Out-Law News | 21 Nov 2019 | 1:39 pm | 2 min. read
New guidance from the FCA encourages firms to stop issuing new LIBOR cash contracts that mature beyond 2021 by September 2020, as recommended by a Bank of England working group on risk-free reference rates (RFRs). The FCA will be monitoring firms' progress towards this deadline over the course of 2020, according to the guidance.
The guidance, which has been published in Q&A format, sets out what firms should be doing as part of their transition preparations. The FCA expects firms that are subject to the Senior Managers and Certification regime (SMCR) to have identified a senior manager responsible for overseeing the transition, and has warned firms to ensure that customers are treated fairly throughout the process.
The FCA expects firms to be developing and implementing their LIBOR transition strategies now if they haven't already done so.
Financial regulation expert Lauren McCarthy of Pinsent Masons, the law firm behind Out-Law, said that the guidance would be welcomed by firms.
"The FCA's new page points to the significant impact that the LIBOR transition is likely to have on regulated firms," she said.
"The key message from the FCA is that LIBOR transition is as much a governance and compliance issue as it is a legal one. Firms need to be prepared to navigate the transition amongst the backdrop of the FCA's Principles for Business and its rules more broadly."
"This is not a time to sit and wait for further guidance. The FCA expects firms to be developing and implementing their LIBOR transition strategies now if they haven't already done so," she said.
LIBOR is a measure of the average rate at which banks are willing to borrow wholesale, unsecured funds, and is used to price or value a wide range of financial products. The rate has become less reliable as the number of transactions underpinning the rate has fallen, while previous attempts at market manipulation and false reporting have also decreased confidence in the rate.
The panel banks whose submissions inform LIBOR have agreed to support the rate until the end of 2021. Firms are therefore expected to adopt suitable alternatives in this timescale. A Bank of England working group on sterling risk-free reference rates has identified the Sterling Overnight Index Average (SONIA), which is based on an average of over £40 billion worth of transactions each day, as its preferred alternative, but this may not be suitable in every scenario.
Firms must ensure that customers are treated fairly when replacing LIBOR in existing contracts, according to the FCA. They may not move continuing contracts to replacement rates that are expected to be higher than what LIBOR would have been, or introduce other inferior terms. Firms will also need to consider whether any term they may rely on to amend a LIBOR-related product in a consumer contract is fair under the 2015 Consumer Rights Act.
Firms are more likely to be able to demonstrate that they have met the requirements to treat consumers fairly where they adopt a replacement rate that "aligns with the established market consensus, reached through appropriate consultation, and is recognised by relevant national working groups as an appropriate solution", according to the FCA.

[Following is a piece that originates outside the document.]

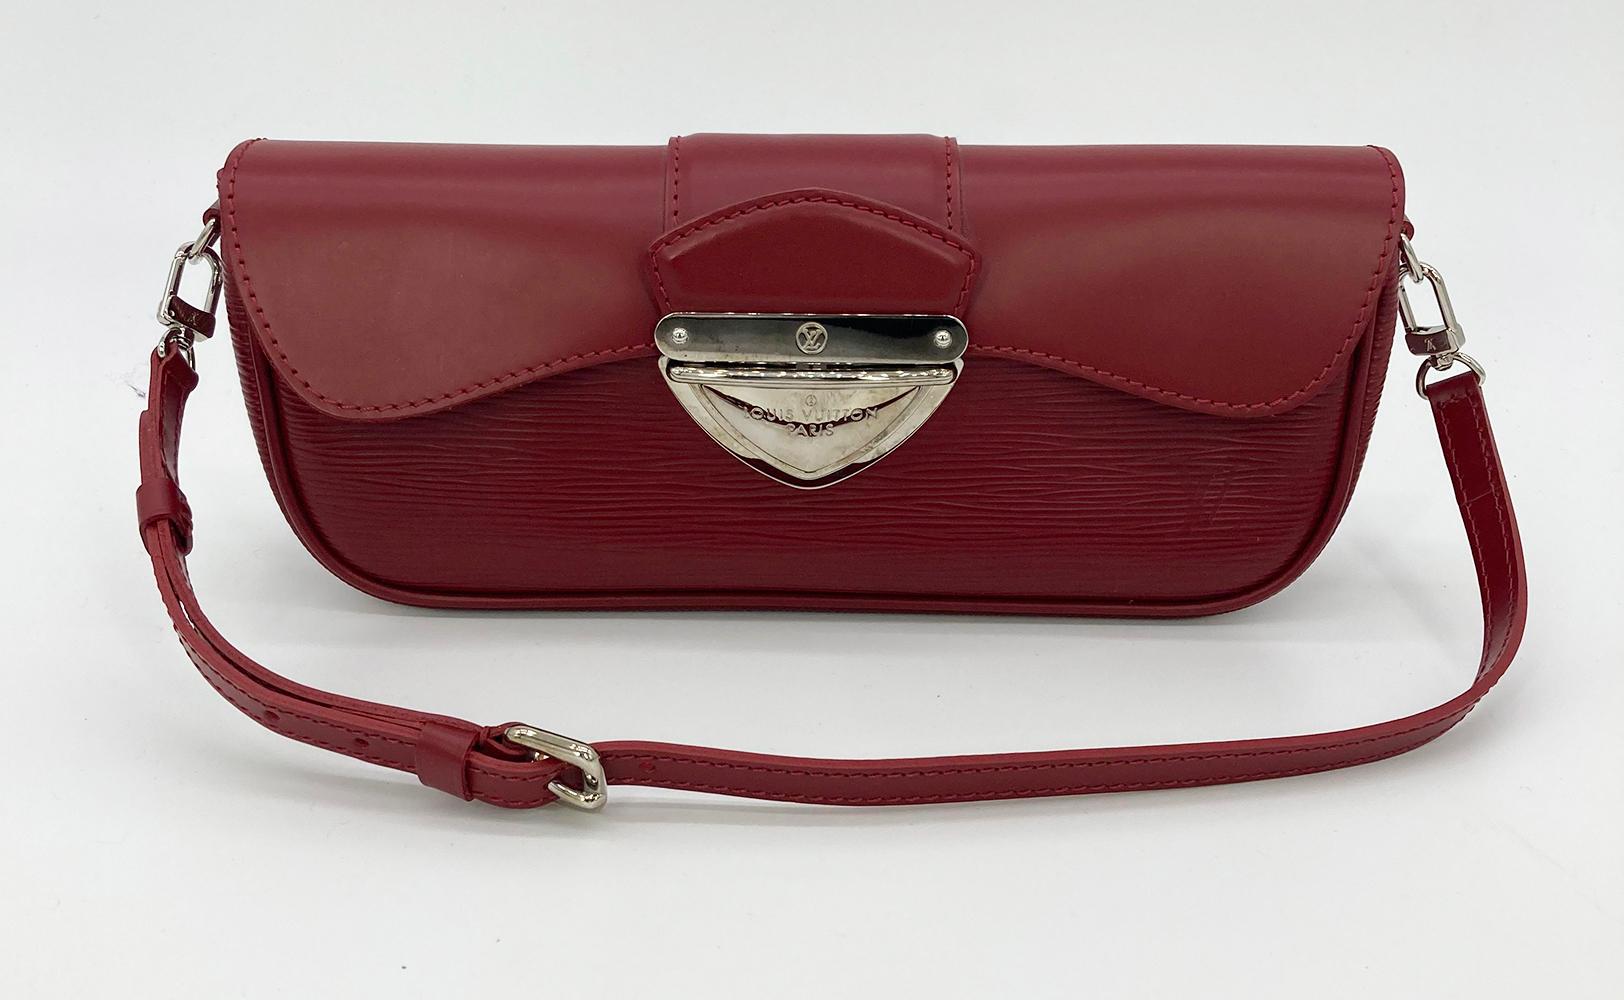 Louis Vuitton Rubis Epi Leather Montaigne Clutch Bag in good condition. Red smooth and epi leather exterior trimmed with silver hardware and a removable shoulder strap. Top flap opens via sliding latch closure to a red suede interior with one side

Changes should be communicated to customers in a way that is clear, fair and not misleading, giving customers sufficient time to make informed decisions about relevant alternative products and the associated risks. Firms must especially take care in describing the risks associated with LIBOR ending to customers, being aware that they may not fully understand the implications.
Asset managers should be assessing the extent of their and their clients' exposures to LIBOR through the investments that they hold. They will need to convert any securities, derivatives and loans which reference LIBOR to alternative reference rates in good time before the 2021 deadline, for example through consent solicitation processes or bond buy-backs.
Firms must also ensure that they have robust governance arrangements in place for managing the transition risks, including risks associated with critical outsourced functions, the FCA said.